I do have TWO white T-shirts from the opening weekend at the Walden galleria Apple Store, though -- but I aint letting them go.


----------



## capitalK (Oct 21, 2003)

Apple gave us a bunch of them for Carbon's opening in our new store. We gave abunch away that weekend.

I managed to get one myself, it's almost grey it's so worn out (after less than a year).


----------



## Macaholic (Jan 7, 2003)

This site also has SOME "third party" Appleware:

http://www.cafeshops.com/cp/dir_browse.aspx?dir=212

I bought a shirt from this place a couple of years ago, but it seems like "something's happened" and he has voluntarily shut it down for the time being.

http://www.macshirt.com/


----------



## zigzagry (Apr 12, 2003)

why dont people just grab the .eps apple logo off of brandsoftheworld.com, or logotypes.ru and then get some tee shirt maker at a flea market to make some up for 5 or 10 bucks a piece?


----------



## rollee (Feb 26, 2003)

zz, no its not the same.
i want the official apple merchandise.
i actually asked an apple store last year if i can help them out for a few hours on anything in exchange for the t-shirt. the manager kindly refused.


----------



## capitalK (Oct 21, 2003)

Just FYI the shirts are just regular T-shirts, they don't have a special tag or anything.

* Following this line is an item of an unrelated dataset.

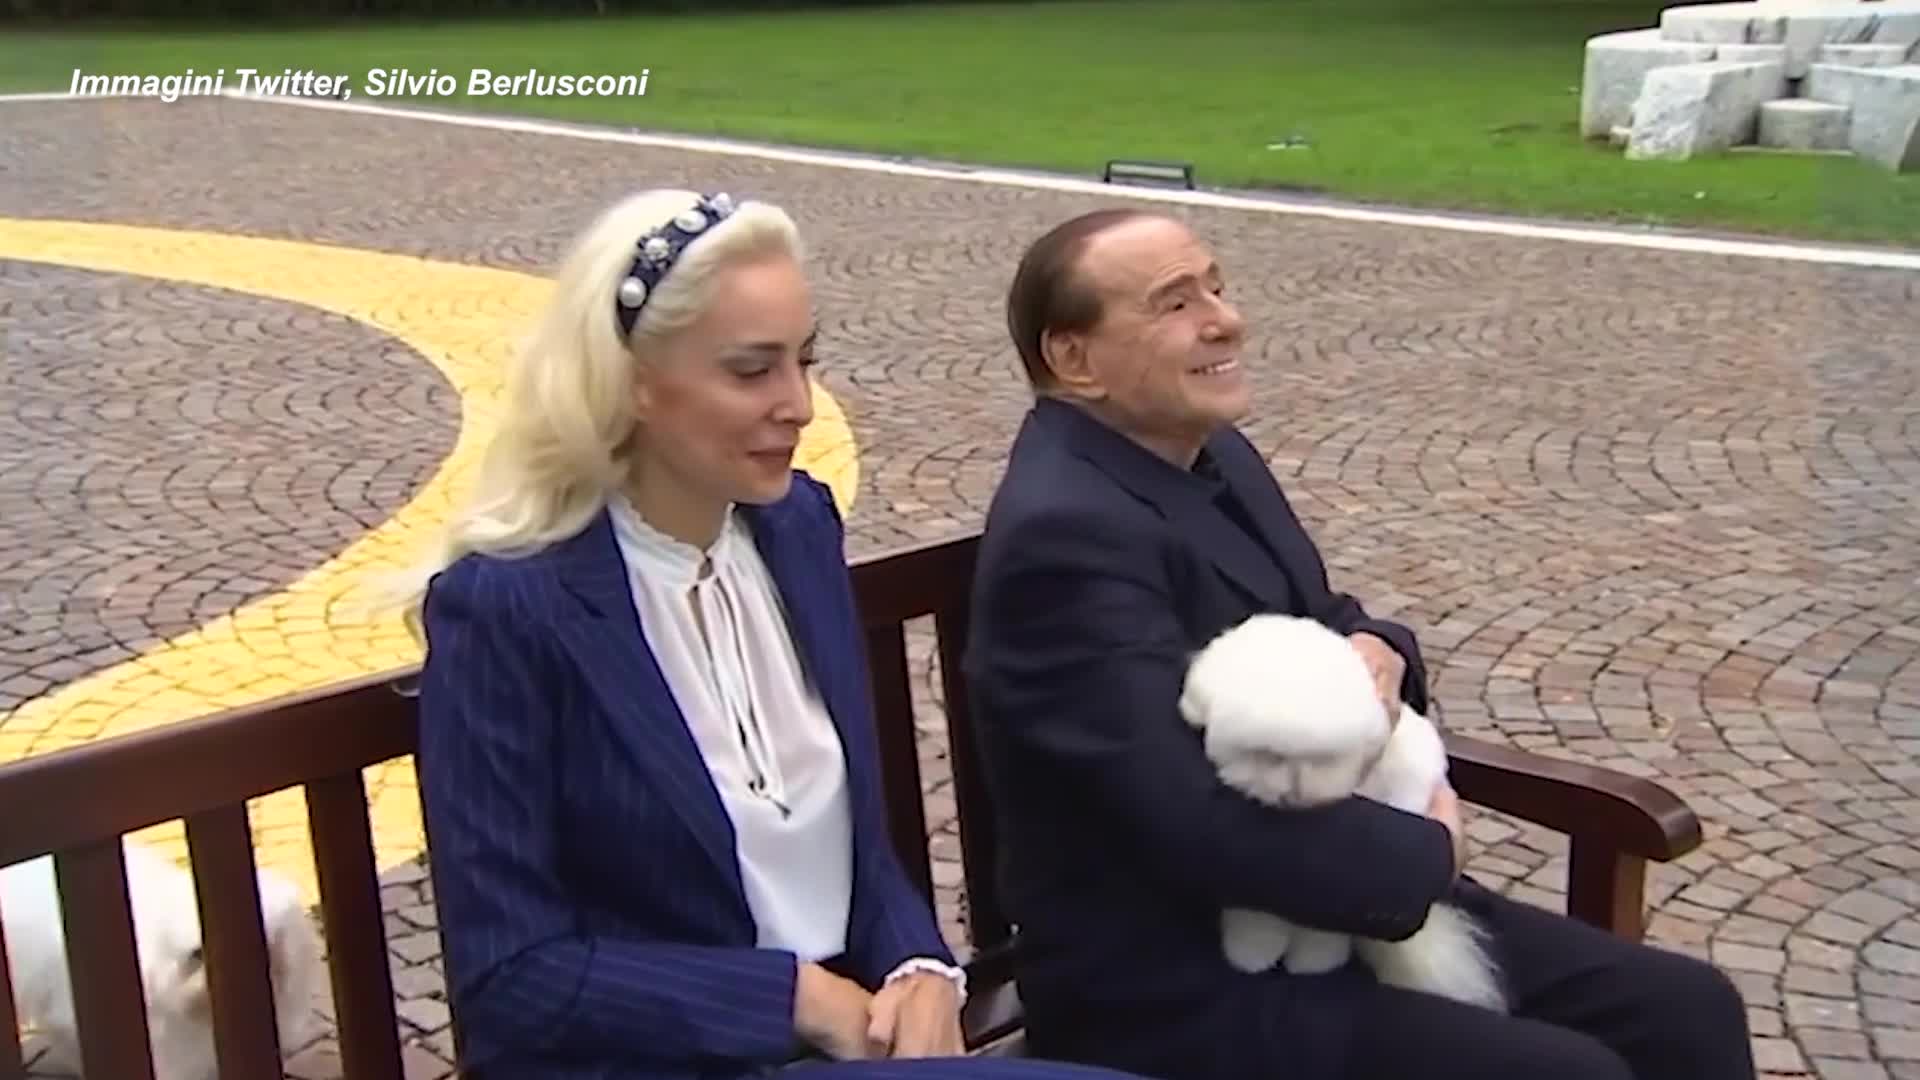 Una mongolfiera piena di cuori rossi: la sorpresa di compleanno di Fascina per Berlusconi - VIDEO

My long-sleeve black one that I bought in 1999 off Apple's website is Fruit of the Loom, and the one I got from Carbon's opening is some no-name on the tag.


----------



## RC51Pilot (Mar 26, 2004)

You can get some cool stuff at http://missingbite.com as well. They look to be a bit cheaper than redlightrunner.


----------



## Macaholic (Jan 7, 2003)

Cool RC51Pilot!


----------



## RC51Pilot (Mar 26, 2004)

Actually, I have to give you the credit Macaholic - I found the link on your posting about the Real iPod article


----------



## sahibulkahfi (Aug 5, 2009)

Guys Check out this site it got kewl mac shirt. Plumbiru | Unique Design TShirts


----------



## G-Mo (Sep 26, 2007)

Macaholic said:


> Cool RC51Pilot!


Be aware that the missingbite.com is doing nothing more that what zigzagry has already suggested and then selling the product on to you for profit. They are not official products from Apple.


----------



## HowEver (Jan 11, 2005)

G-Mo said:


> Be aware that the missingbite.com is doing nothing more that what zigzagry has already suggested and then selling the product on to you for profit. They are not official products from Apple.


Cool, but I hope _he_ doesn't take over 5 years to answer _you_!


----------



## G-Mo (Sep 26, 2007)

HowEver said:


> Cool, but I hope _he_ doesn't take over 5 years to answer _you_!


Ah! I see thus thread was ressurected by spam! My bad...


----------